By far the most poignant work was Robin M. Jordan’s “Breeze Above Ground.” It captured the “paradox” of oil most poignantly. A slab of glass was set up horizontally. Over it, a “breeze” was represented by a winding steel knot. Underneath dangled sea creatures from strings: Sea flowers, squid, jellyfish, kelp, and coral, each no bigger than my thumb. They were limp and faded in color. The paradox? The sea creatures themselves were made out of plastic, monofilament, glass beads, monofilament, and umbrella detritus. The exhibit, in acknowledging how pervasive petroleum is, couldn’t get away from relying on petrochemicals.

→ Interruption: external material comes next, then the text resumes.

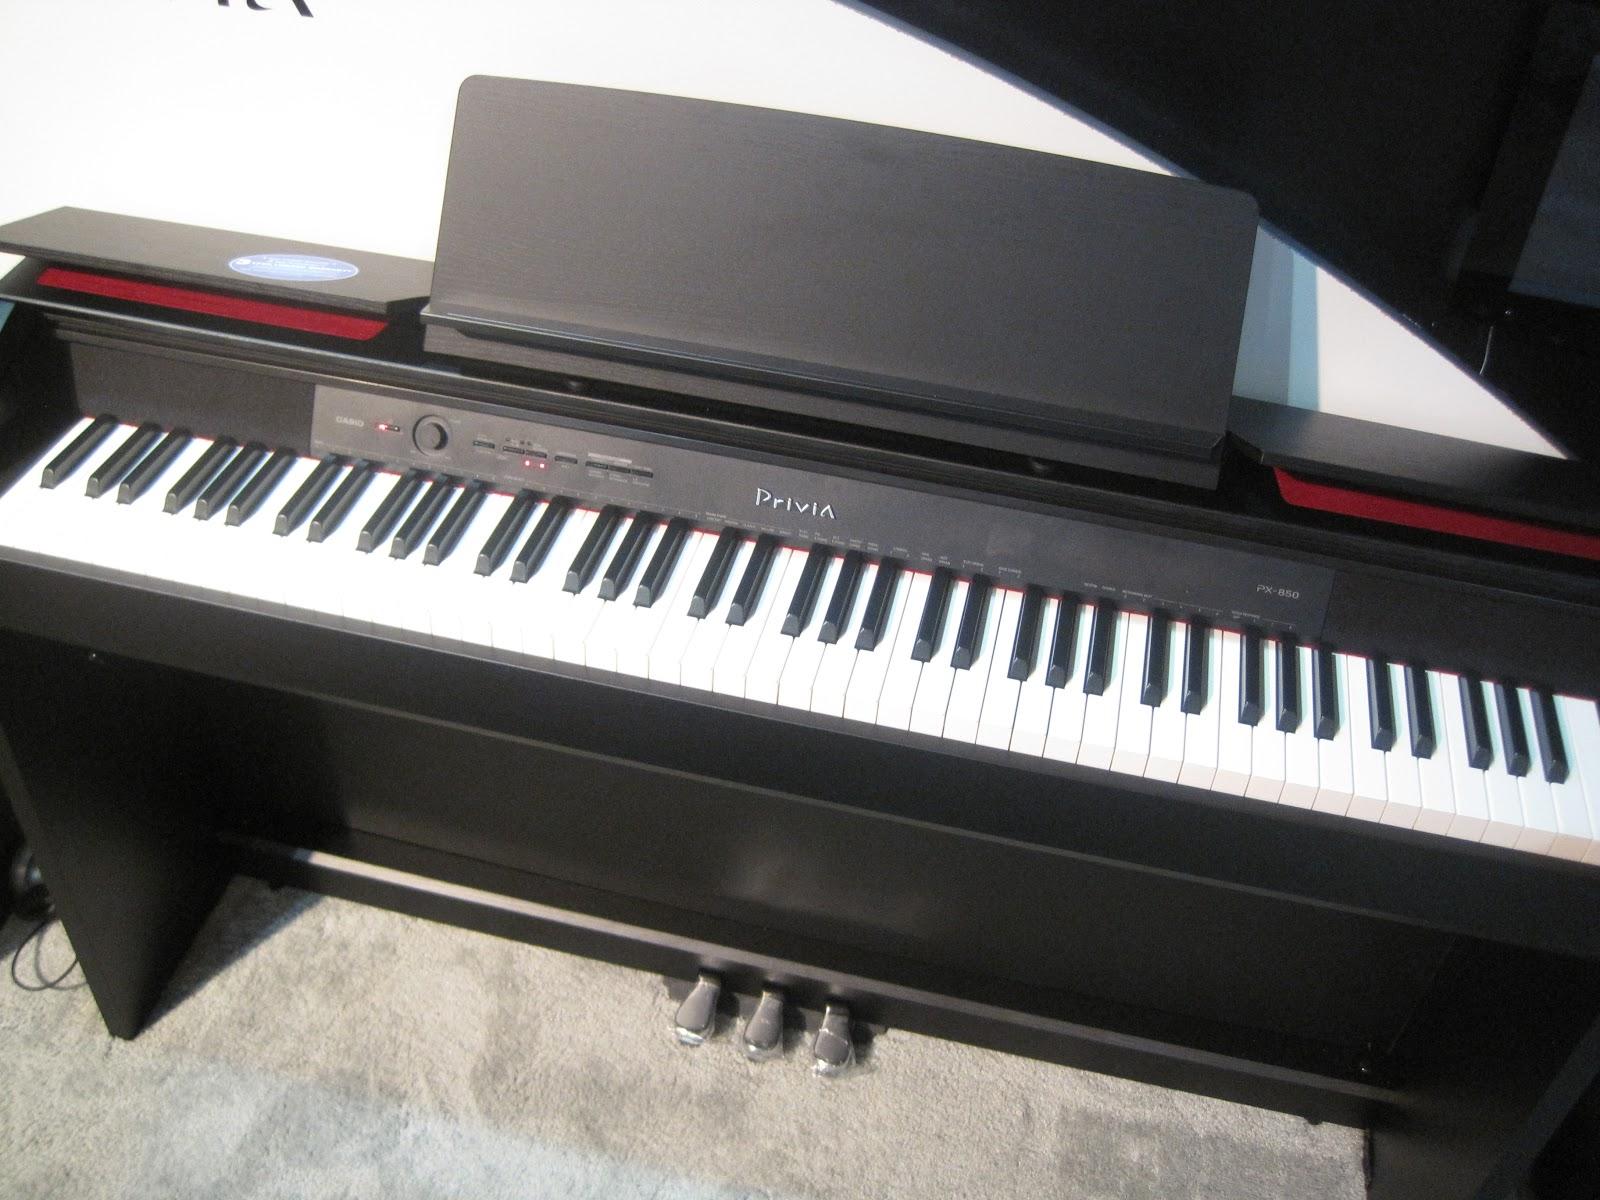 az piano reviews review yamaha p155 kawai ep3 roland fp7f kawai mp6 yamaha ydp162 yamaha. Black Bedroom Furniture Sets. Home Design Ideas
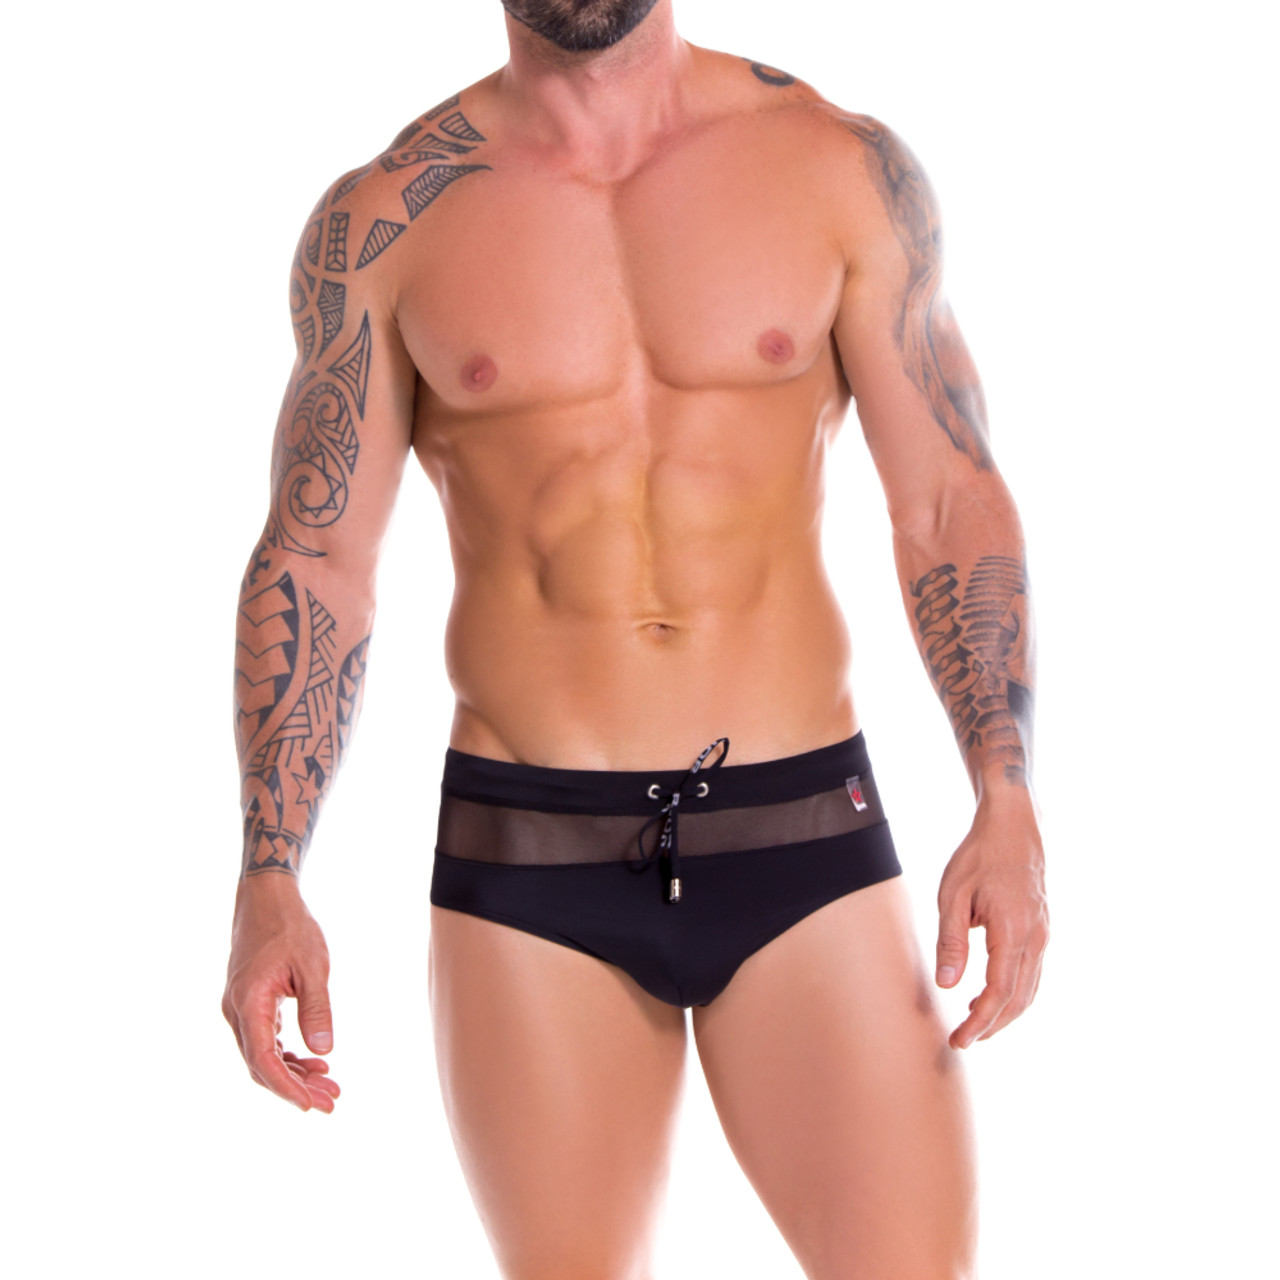 JOR Mesh Swim Trunks - Mens Swimwear with See-Through Mesh Strip

Once you finish the exhibit, go next door and seeing Linda Lappa’s Split Second NYC. Even if – and especially if – petroleum doesn’t get political activism pumping through your veins, there’s no better way to end the day than seeing paintings of NYC traffic and the MTA system frozen while in motion. Denise Bibro has a trove of artistic gems that remain hidden away in the bowels of 529 W. 20th St. and New Yorkers would do well to scope them out.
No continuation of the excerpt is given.